NPC Bikini Competition Suit

After I met with my coach last Saturday I was so pumped. I mean, if she believes I can go from suuuuuper average to stage ready by April 8, why should I have any reason not to believe her? She’s the expert after all, not me.

She gave me a list of things to buy:

  • Competition Jewelry
  • Shoes
  • Bikini

Cost of an NPC Competition Suit

So the NPC bikini. There’s a couple of reasons why those models look so good in them. First, and most obviously, the girls wearing them are fit AF. But also, they’re like $300 bucks MINIMUM. You can drop a grand easy. The more you spend, the more bling you get. I compare it to triathlons – you can get an entry level from bikesdirect.com or spend more than the cost of a pre-owned Subaru. I opted for the bikes direct version.

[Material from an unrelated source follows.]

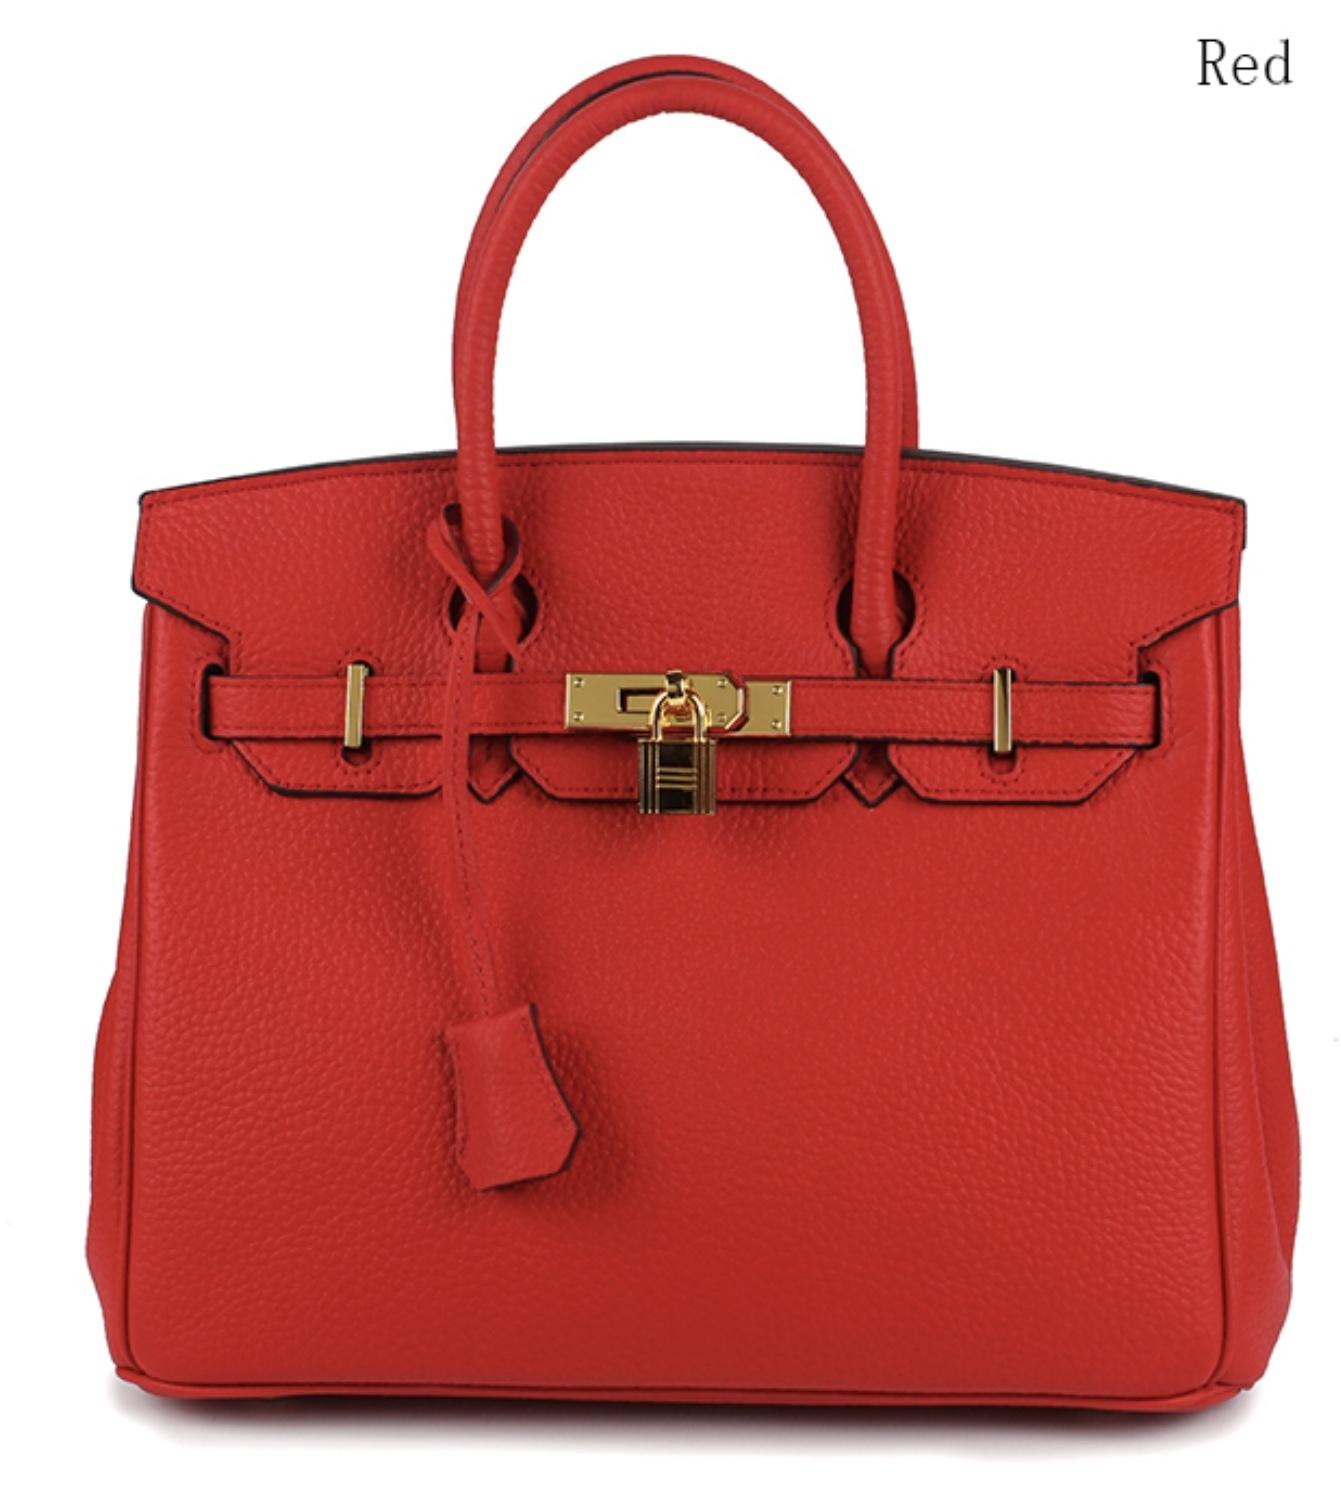 New 35cm Pebbled Leather Birkin Style Handbag Shoulder Bag Satchel Purse 1946L

I contact the NPC bikini maker (Seamstress? Bedazzler?) and she asks for my height, weight, hip size, chest size. Normal stuff for a custom, blinged-out bikini. And then she says “ok so you’re 5’2″ so your competition weight will be what, like 105? 110?”

Hold the f***ing phone. 105?! I’m 122! And I’m not starving and eating celery sticks over here but I do NOT have another 17 pounds to lose! I literally just lost 17 pounds.

How Much Do NPC Competitors Weigh?

I immediately start googling BMI charts and NPC competitors’ weight like my life depends on it. Turns out, 105 at 5’2″ is definitely unrealistic and unhealthy for me (Have you seen my chest? Right there is at least 10 pounds).

But then again, maybe everything that everyone (who, by the way, has NEVER competed) is telling me is true – that this is a totally unhealthy sport where you basically starve yourself, develop an eating disorder and die.

Maybe not.

Time to call the coach…

So ya, I overreacted. Which comes as no surprise to ANYONE who knows me at all, I’m sure.

According to my coach (and my mother) I HAVE to stop obsessing over the scale. Instead, I get to obsess over inches – where they are currently, where they should be, where they should not be.

And this week, I’m happy to report I’ve lost one inch from my waist. So I guess eating chicken and broccoli every 3 hours is working. Bring on that bikini.